Welcher Begriff wird für die Abfrage „Bindestich“ als passend ermittelt?

Die Quelle ermittelt den Artikel „Bindestrich“ als am besten passend zur Abfrage „Bindestich“. Die Erklärung bezieht sich daher auf den dort beschriebenen Bindestrich.

Welche zwei Bedeutungen beschreibt die Quelle?

Die Quelle beschreibt zwei alternative Bedeutungen: Der Strich verbindet zwei zusammengehörige Wörter oder er steht für einen weggelassenen Wortteil. Beide Funktionen müssen nicht gleichzeitig vorliegen.

Woran erkenne ich die gemeinte Bedeutung im Satz?

Prüfe den konkreten Satzkontext. Frage, ob der Strich eine Verbindung zwischen Wörtern sichtbar macht oder ob er einen nicht ausgeschriebenen Wortteil vertritt.

Ist der Bindestrich dasselbe wie der Gedankenstrich?

Die Quelle nennt Gedankenstrich und Bindestrich als unterschiedliche Zeichenbezeichnungen beziehungsweise bedeutungsverwandte Ausdrücke. Eine vollständige Gleichsetzung ist aus dieser Nennung nicht ableitbar. Prüfe die konkrete Bezeichnung in der verwendeten Quelle.

Welche bedeutungsverwandten Ausdrücke nennt die Quelle?
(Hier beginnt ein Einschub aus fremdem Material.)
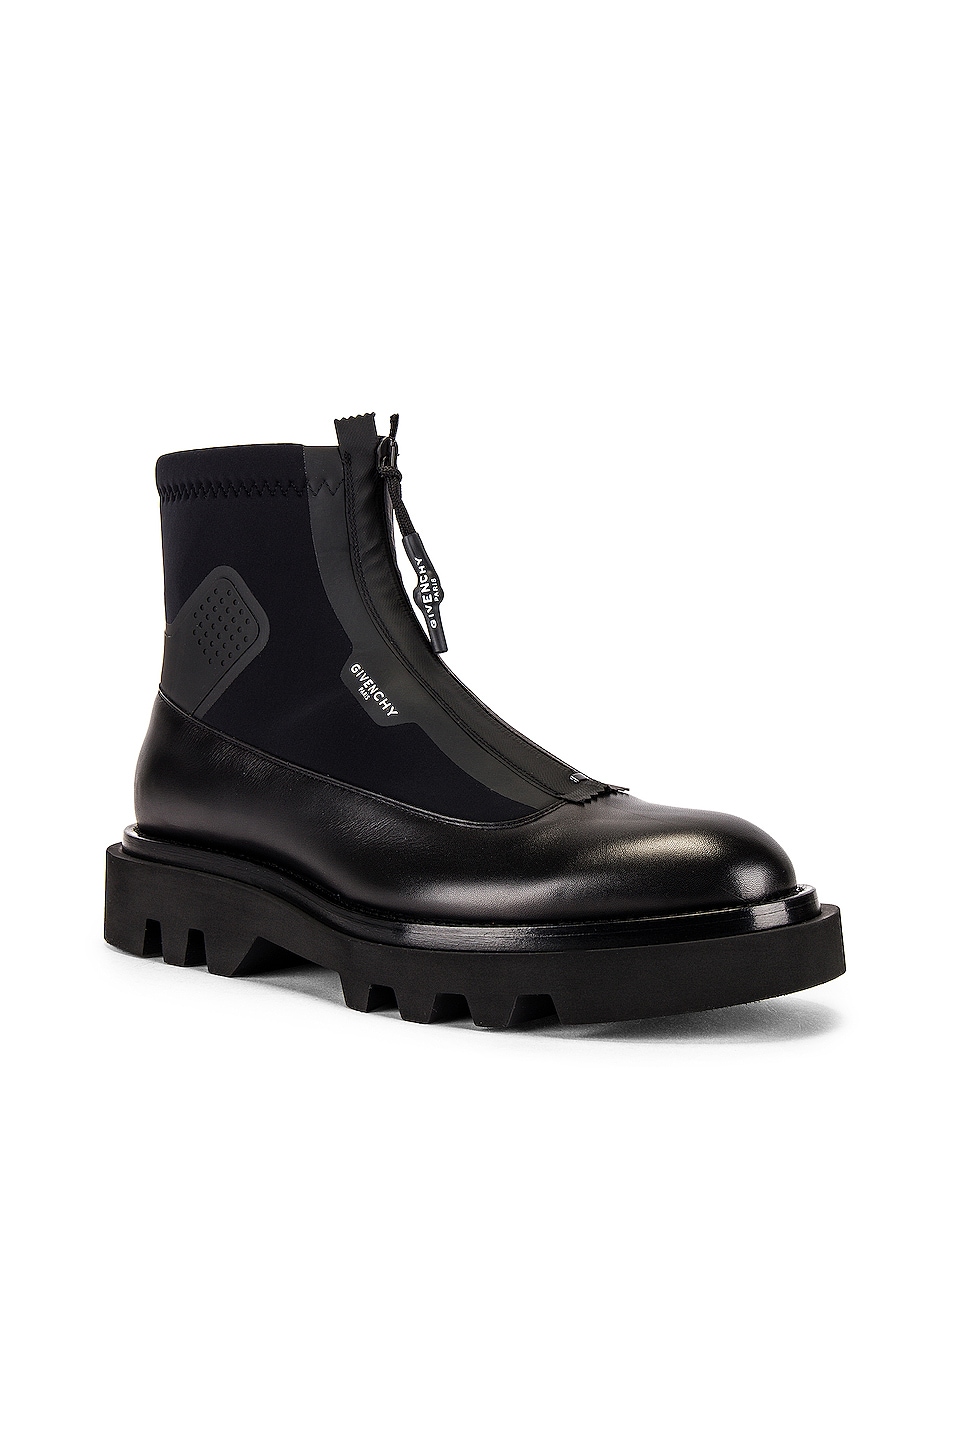 Givenchy Combat Boot With Zip in Black | FWRD
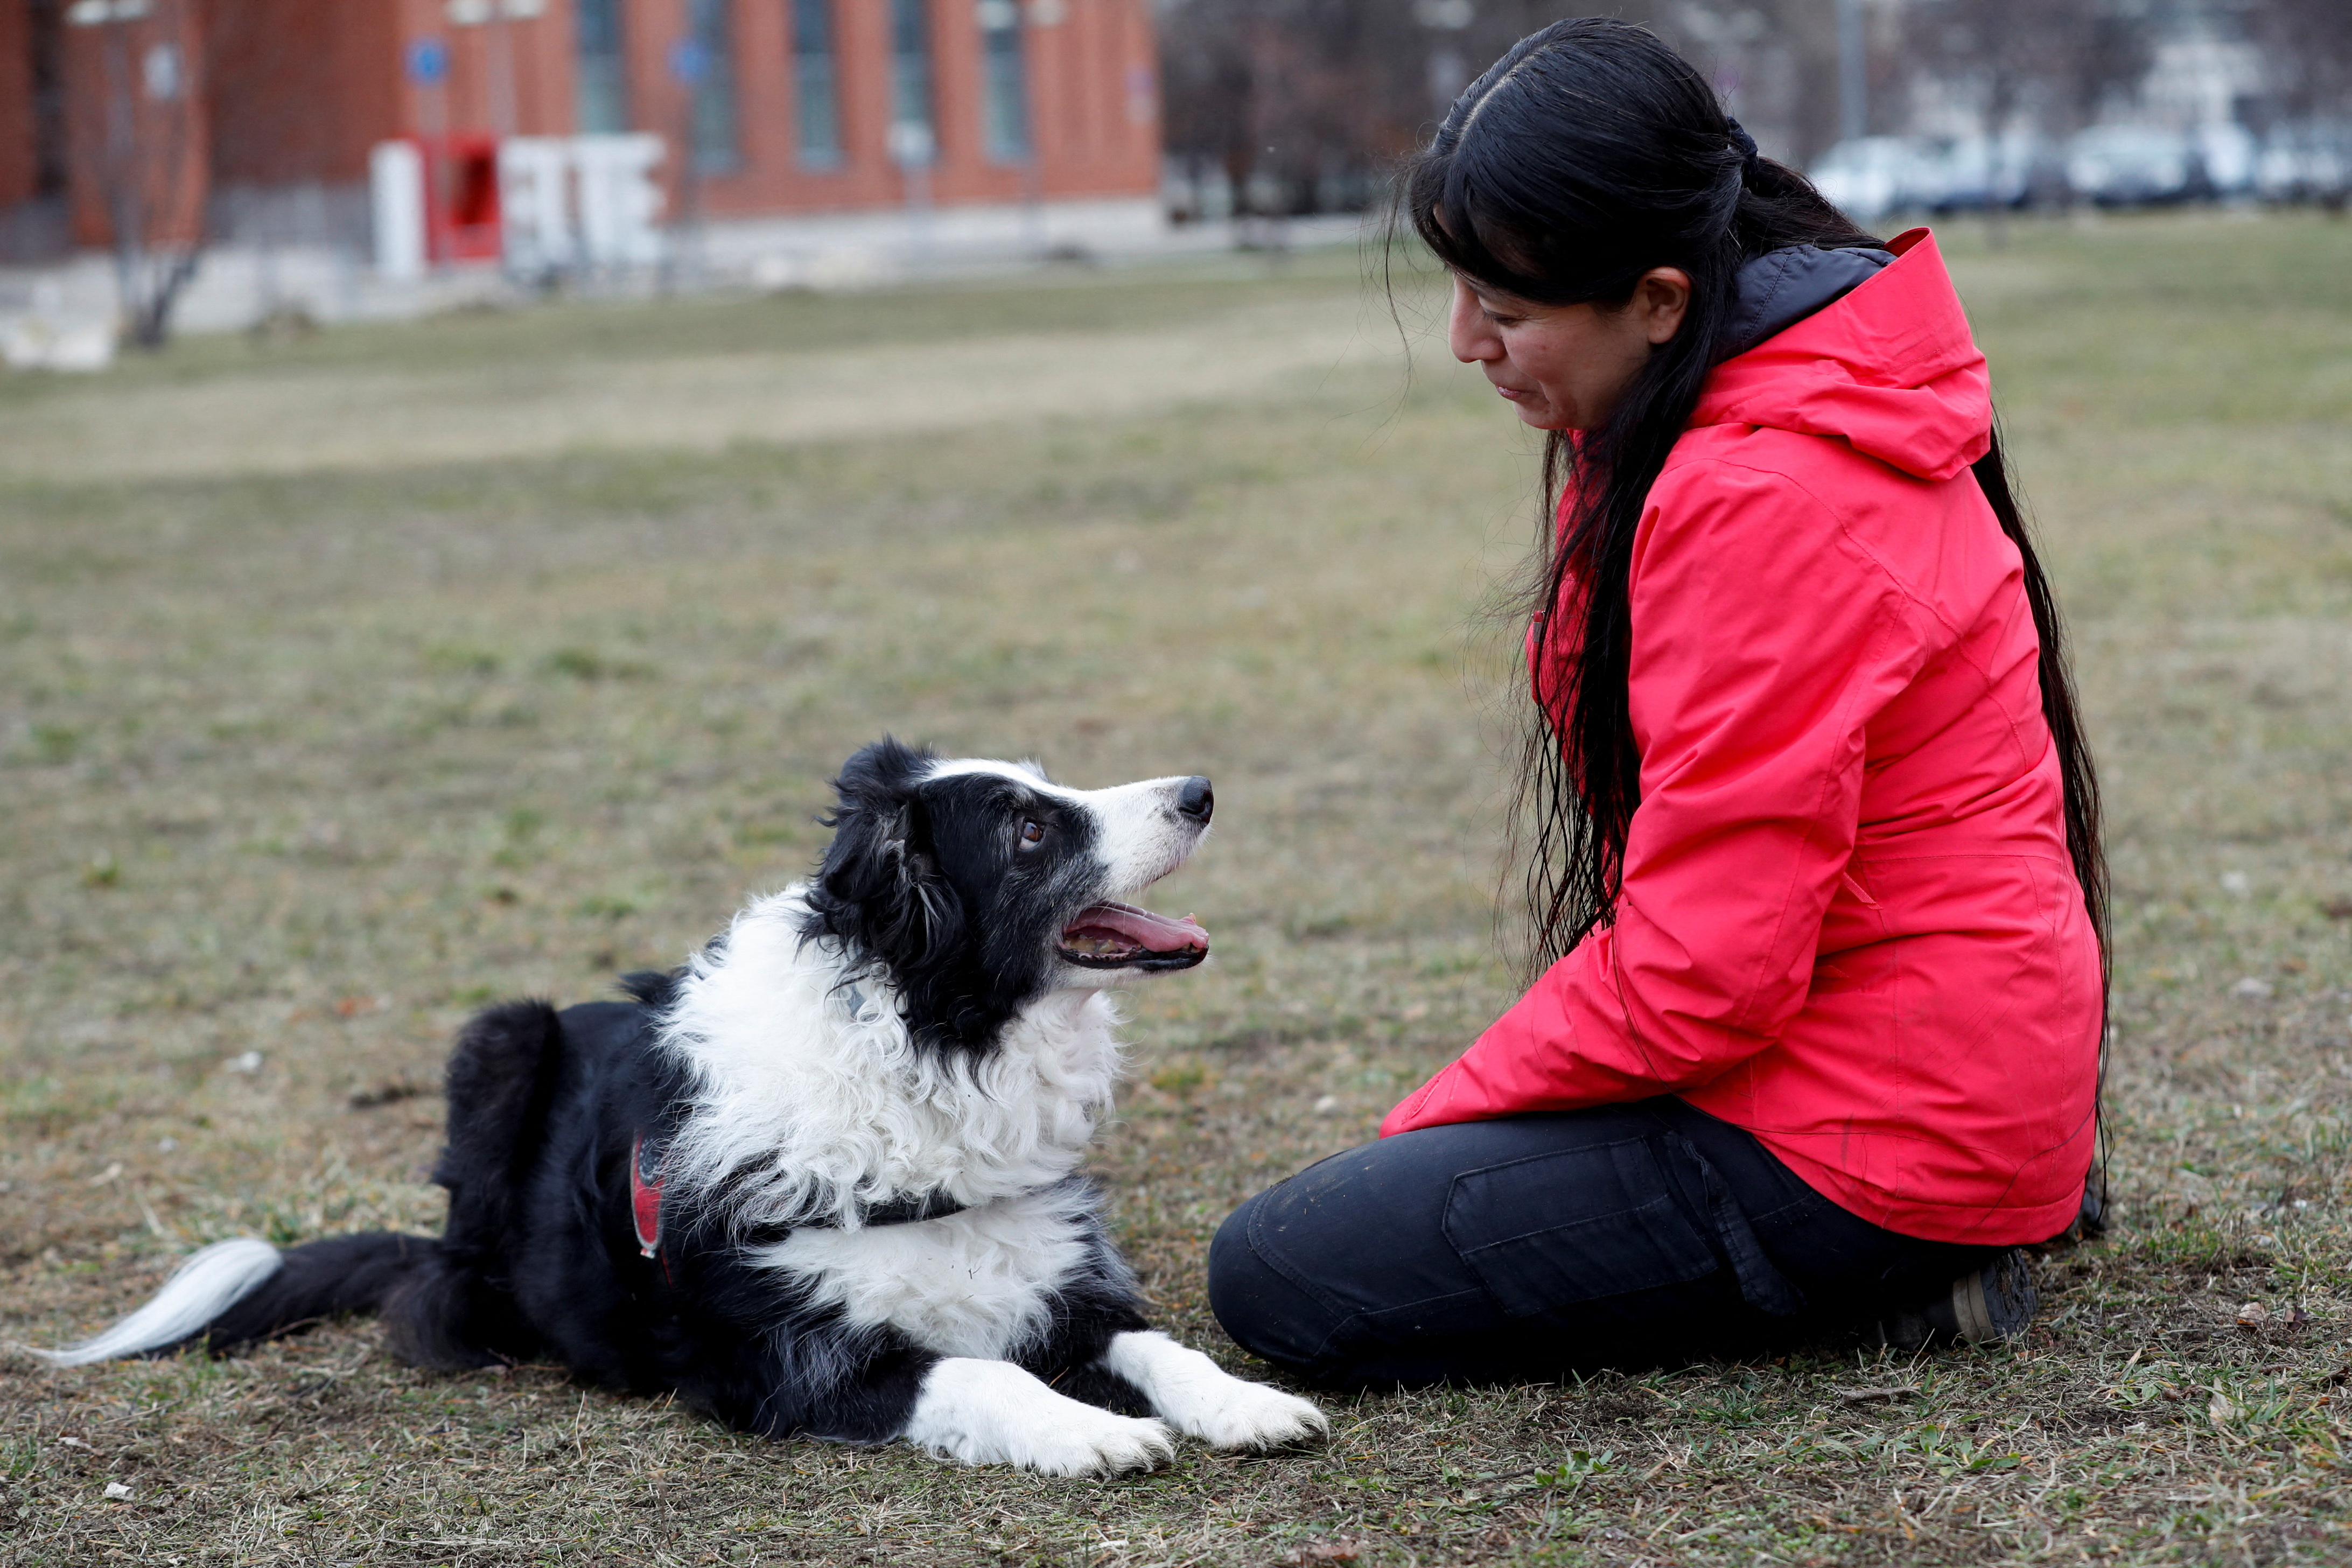 Postdoctoral researcher Laura V. Cuaya talks to her dog Kun-kun, an 8-year-old Border Collie, at the Ethology Department of the Eotvos Lorand University in Budapest, Hungary, January 5, 2022. REUTERS/Bernadett Szabo

Genannt werden unter anderem Schriftzeichen, Symbol, Graphem und Schreibzeichen. Die Aufzählung belegt eine Bedeutungsverwandtschaft, aber nicht, dass alle Ausdrücke vollständig gleichbedeutend sind.

Was sollte ich bei einer unklaren Stelle prüfen?

Prüfe die Kernbedeutung, den vollständigen Satz und die Aussageabsicht. Vergleiche anschließend die konkrete Stelle mit der verwendeten Quelle und prüfe mögliche Verwechslungen mit anderen Strichbezeichnungen.